Future Shock

We live in troubled times—particularly as there are so many future unknowns. Shock Horror… By the end of 2018, who will be our Prime Minister? Will Trump still be President after the November mid-term elections? Will Brexit happen at all and—if it does—will I recognise it? Will Exeter City finally gain promotion to League Division One? And, after 205 weeks in the Billboard charts, will Ed Sheeran still be in the top ten by Christmas? And—if not—should I care?

Yes indeed. Answers to these and hundreds more vital questions remain hidden in the misty Future. But I can easily give you a clue as to what might happen because I will consult my trusty fortune teller ‘Kipper’. Kipper is not a fish, smoked or otherwise. He’s a beautiful dog—our family forecasting lovely lurcher and he is pretty reliable most of the time. OK, well… for some of the time anyway, when he’s not rootling about in our flower beds.

No doubt you’ve realised I ‘m trying to cash in on the global fame of other well-known prediction experts such as Paul the Octopus, Nelly the Elephant and Achilles the Cat. If these names are unknown to you, let me explain… Paul achieved Global Guestimation Glory eight years ago when he correctly predicted the results of footie matches during the 2010 World Cup. His success rate was reported as 85% which is impressive. Before each match, he was given two glass jars with tasty fishy snippets inside. Each jar was labelled with the opposing teams’ colours and whichever one he opened first was forecast as the winner. His foretelling success brought him fan emails and tweets from around the world but it also brought him hate mail and an outbreak of nasty online trolls. When Paul correctly predicted that Germany would beat Argentina, a top Argentine chef posted an octopus recipe on Facebook. Fans of opposing countries even sent him sushi-related death threats. Sadly, Paul has now passed away from natural causes in his aquarium tank in Germany, but I am paying homage to him here because we desperately need an accurate forecaster like Paul to tell us what’s going to happen in the World and also because (somewhat surprisingly) he was born at Sea Life in Weymouth. So, he’s definitely a local hero.

Nelly the Elephant had a bit of success in Euro 2008 when she kicked a football into labelled goals and she was followed by Predictaroo the Kangaroo who did so well at the fortune hopping game that she ended up with over 16,000 followers on Twitter. Yes, really—it’s true, but neither could match Paul’s celebrity status. And this year’s recent World Cup was disgraced by the arrival of Achilles the Cat, a congenitally deaf white moggy who (according to his Russian owner) was more accurate because his deafness makes him able to concentrate on the match in hand… This (you will be glad to know) was utter rubbish as his success rate plummeted to under 50% after Russia was eliminated.

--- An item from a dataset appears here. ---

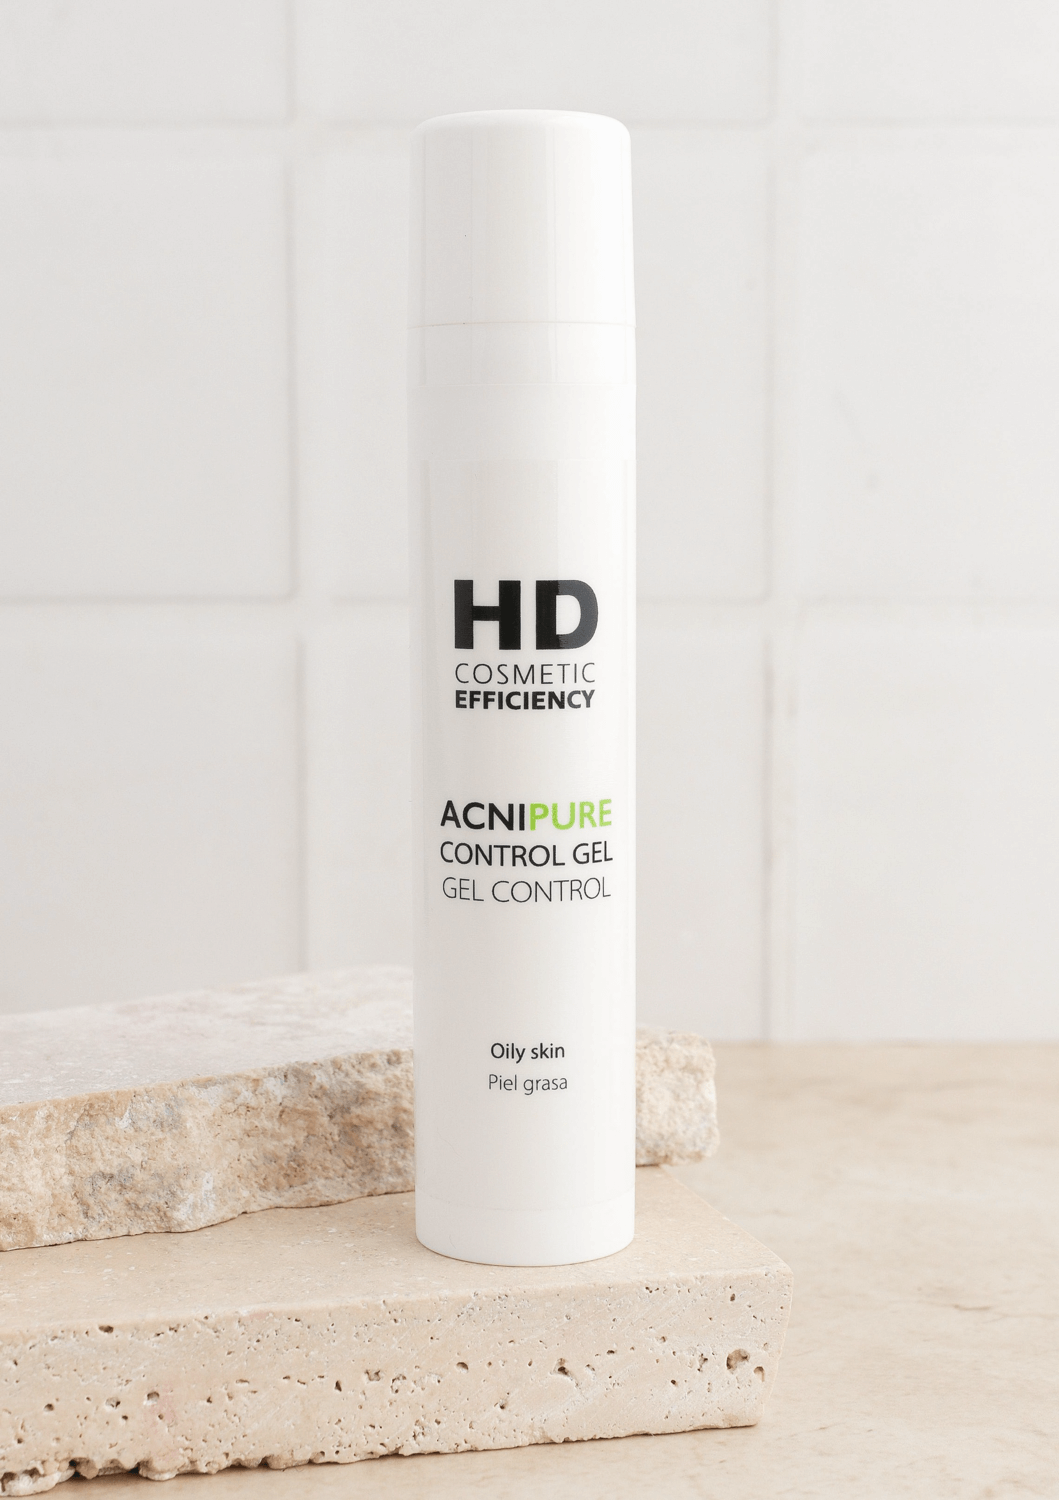 HD Cosmetic control de acné comprar

Frankly, they would have had more accurate forecasts if they’d called me. I offered Kipper two identical bowls of dog food labelled England and Panama and he obliged by scoffing the England one in double quick time. As you may recall, England beat Panama 6-1, so that’s what I call a Result! He had other successes too including a warning that Croatia might be rather better than we were led to believe. I could have made a fortune if I’d listened properly to my dog! Obviously certain animals have a gift of second sight and are able to look into the future, so it’s basically a question of finding out which animals are best at it by a process of trial and error.

I would recommend trying all sorts of local wildlife in a bid to uncover any regional prophet(s). Seagulls landing on different coloured cars, mice nibbling bits of cheese, hamsters on wheels going anti or clockwise, goldfish swimming towards or away from marked labels… any method might work. I tried to ask a sheep’s opinion as to whether Brexit would take place next year, but it got bored and went back to gobbling the grass because it took too long to ask the question. I wondered if a passing chaffinch (very handsome) could choose between labelled sunflower seed or suet on my bird table, but it flew off and never returned which made it statistically unreliable. Maybe a slug would offer more accurate predictions, but I rather doubt it. This morning I offered Kipper a food bowl labelled ‘Donald Trump’ but he went straight out to the garden and did a poo. Perhaps this says it all. Only time will tell.